EXERCISE DATA |
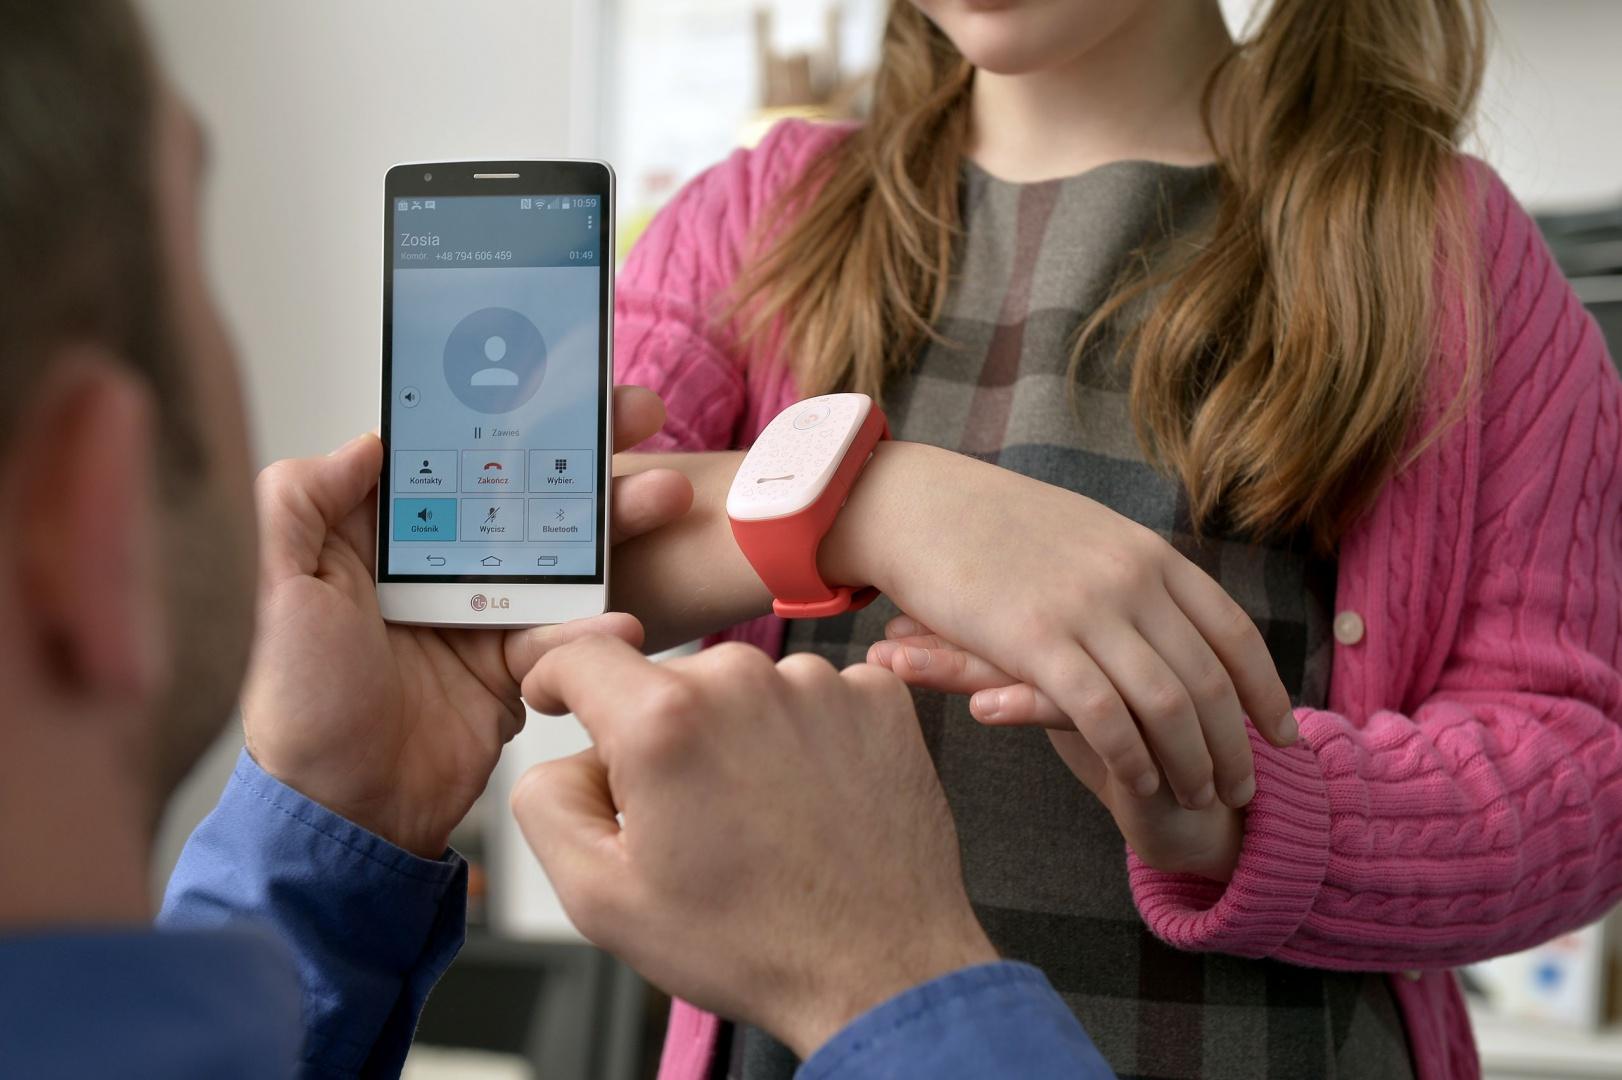 Inteligentna opaska KizON pozwala na stały kontakt z dzieckiem i ustalenie jego lokalizacji przez aplikację na smartfonie rodziców Z numerów przypisanych opasce można zadzwonić do dziecka, a ono może zatelefonować do rodziców przytrzymując przycisk. Fot. LG Electronics
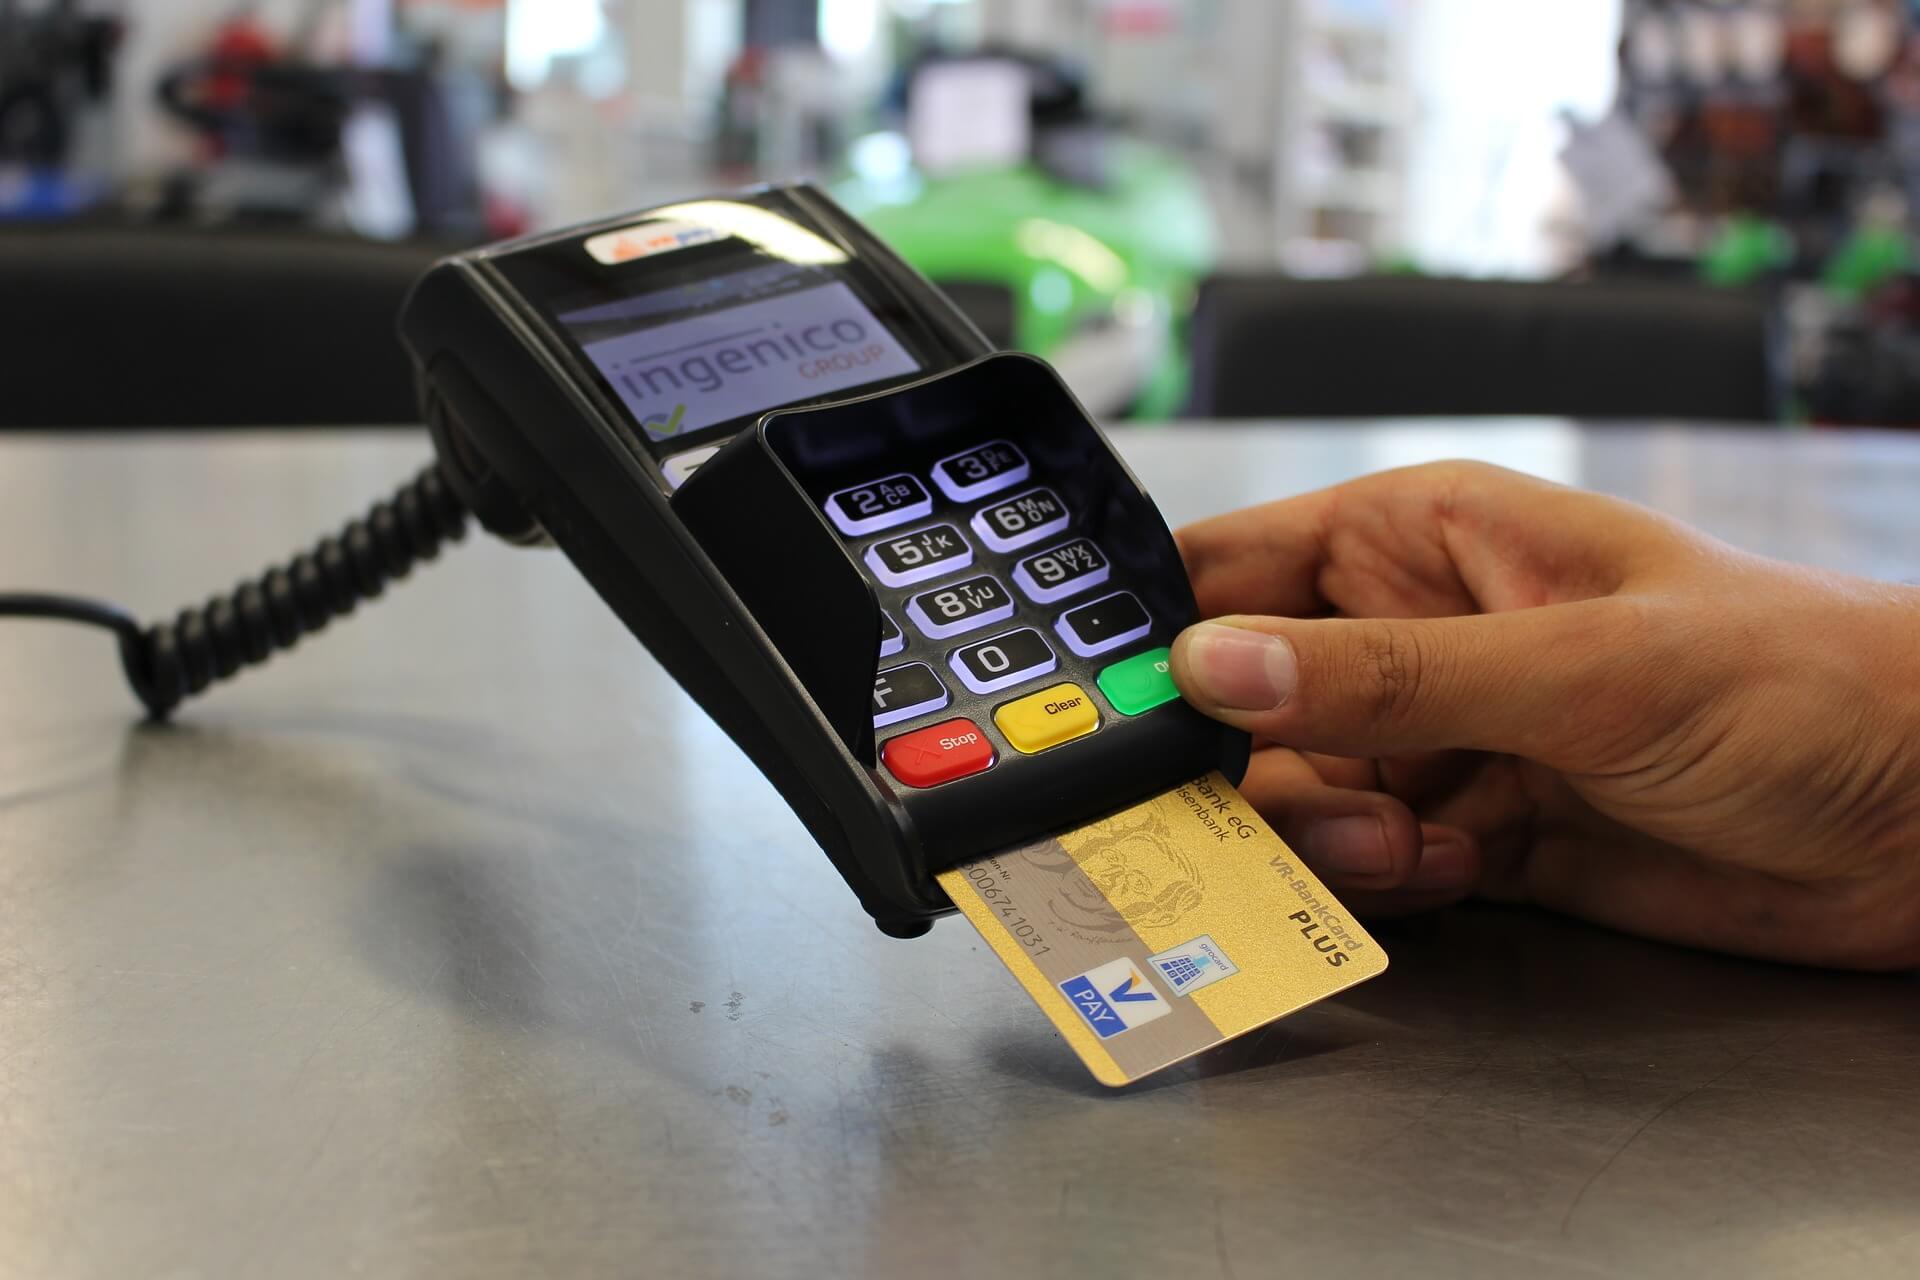 Торговый, мобильный и интернет-эквайринг: что это такое, как выбрать тарифы и подключить
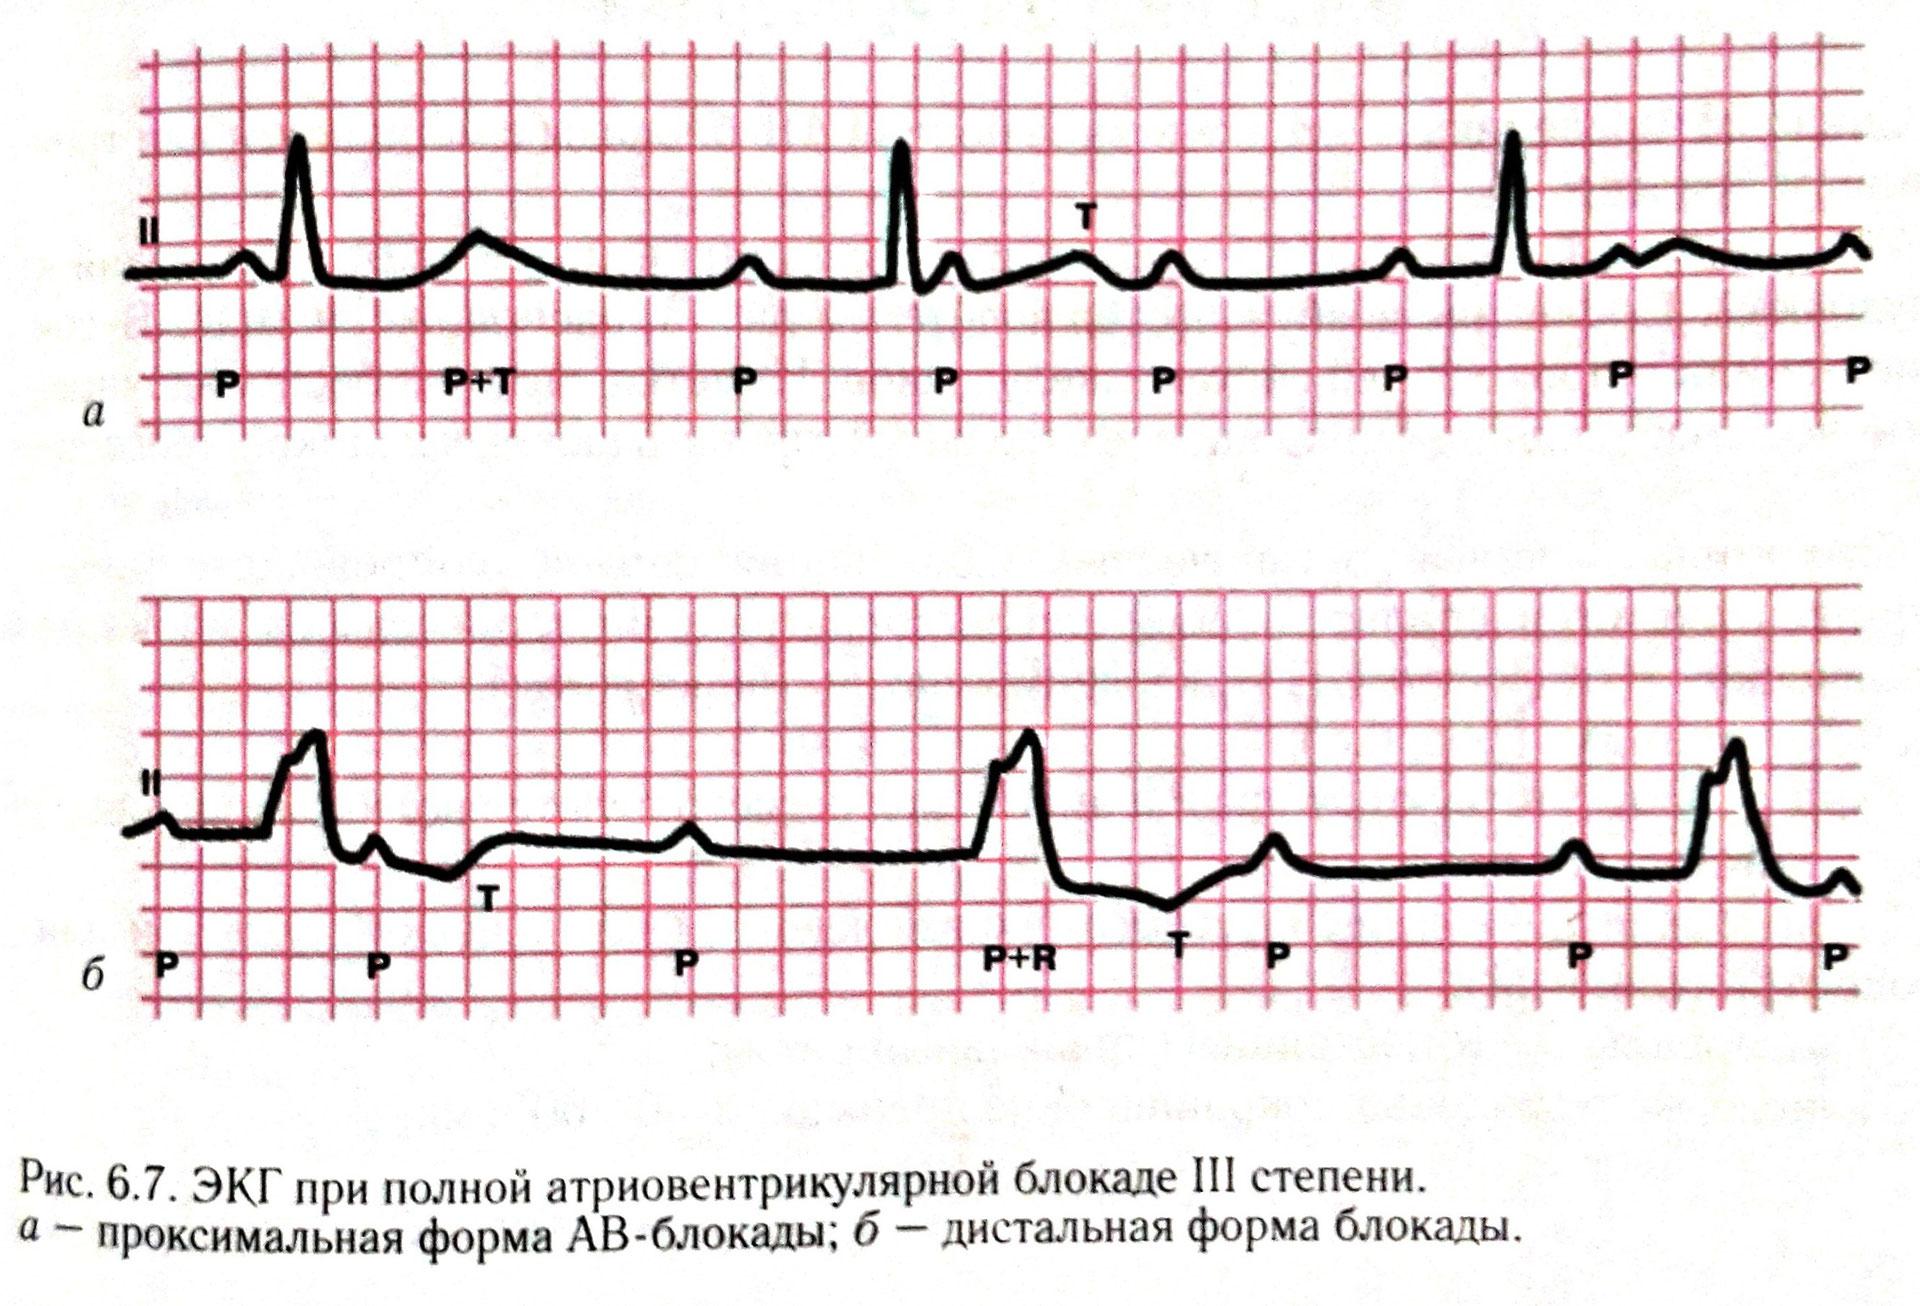 Ав-блокада (атриовентрикулярная): понятие, степени, чем грозит, лечение
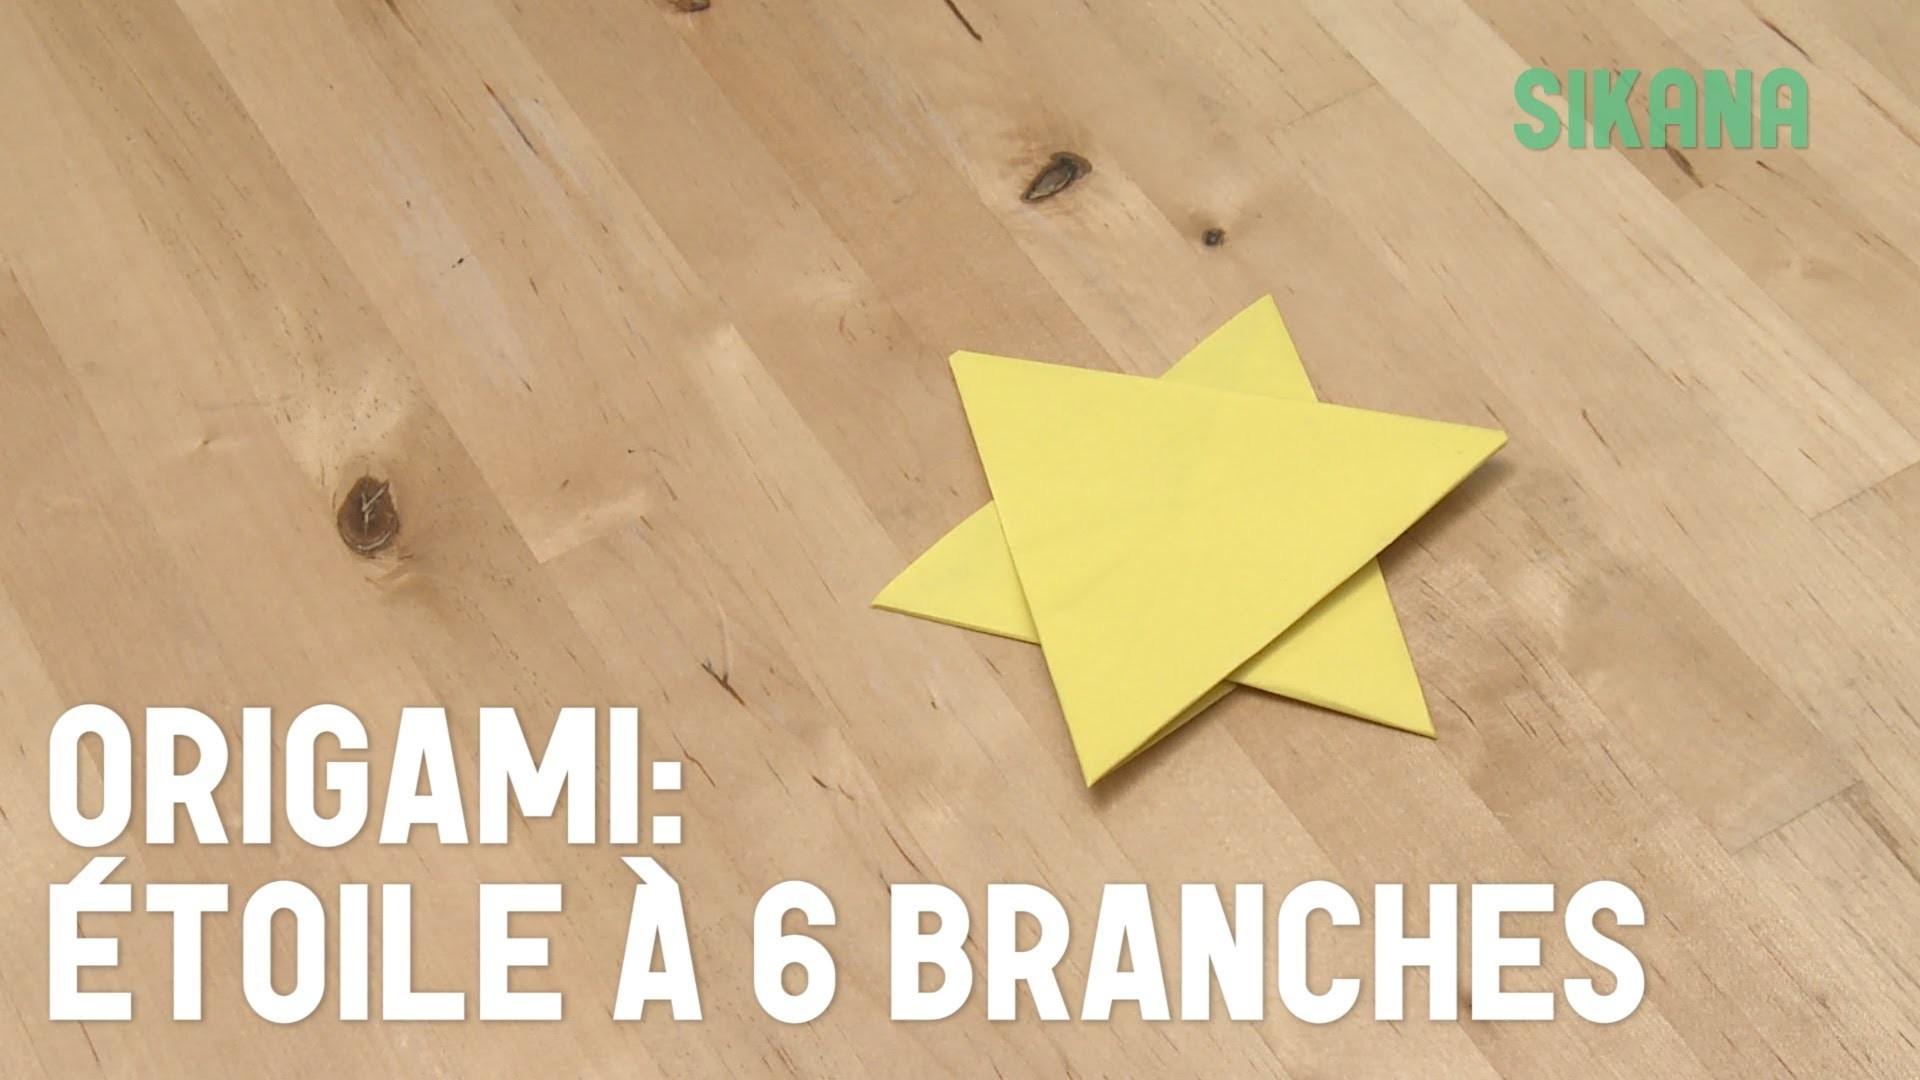 Origami : Faire une étoile à 6 branches en papier - HD

TASK DESCRIPTION |
Set down nothing but the lines from the one containing "Торговый, мобильный и" to the final line above, both included, with every picture left out.

ANSWER FOR THE TASK |
 Торговый, мобильный и интернет-эквайринг: что это такое, как выбрать тарифы и подключить
 Ав-блокада (атриовентрикулярная): понятие, степени, чем грозит, лечение
 Origami : Faire une étoile à 6 branches en papier - HD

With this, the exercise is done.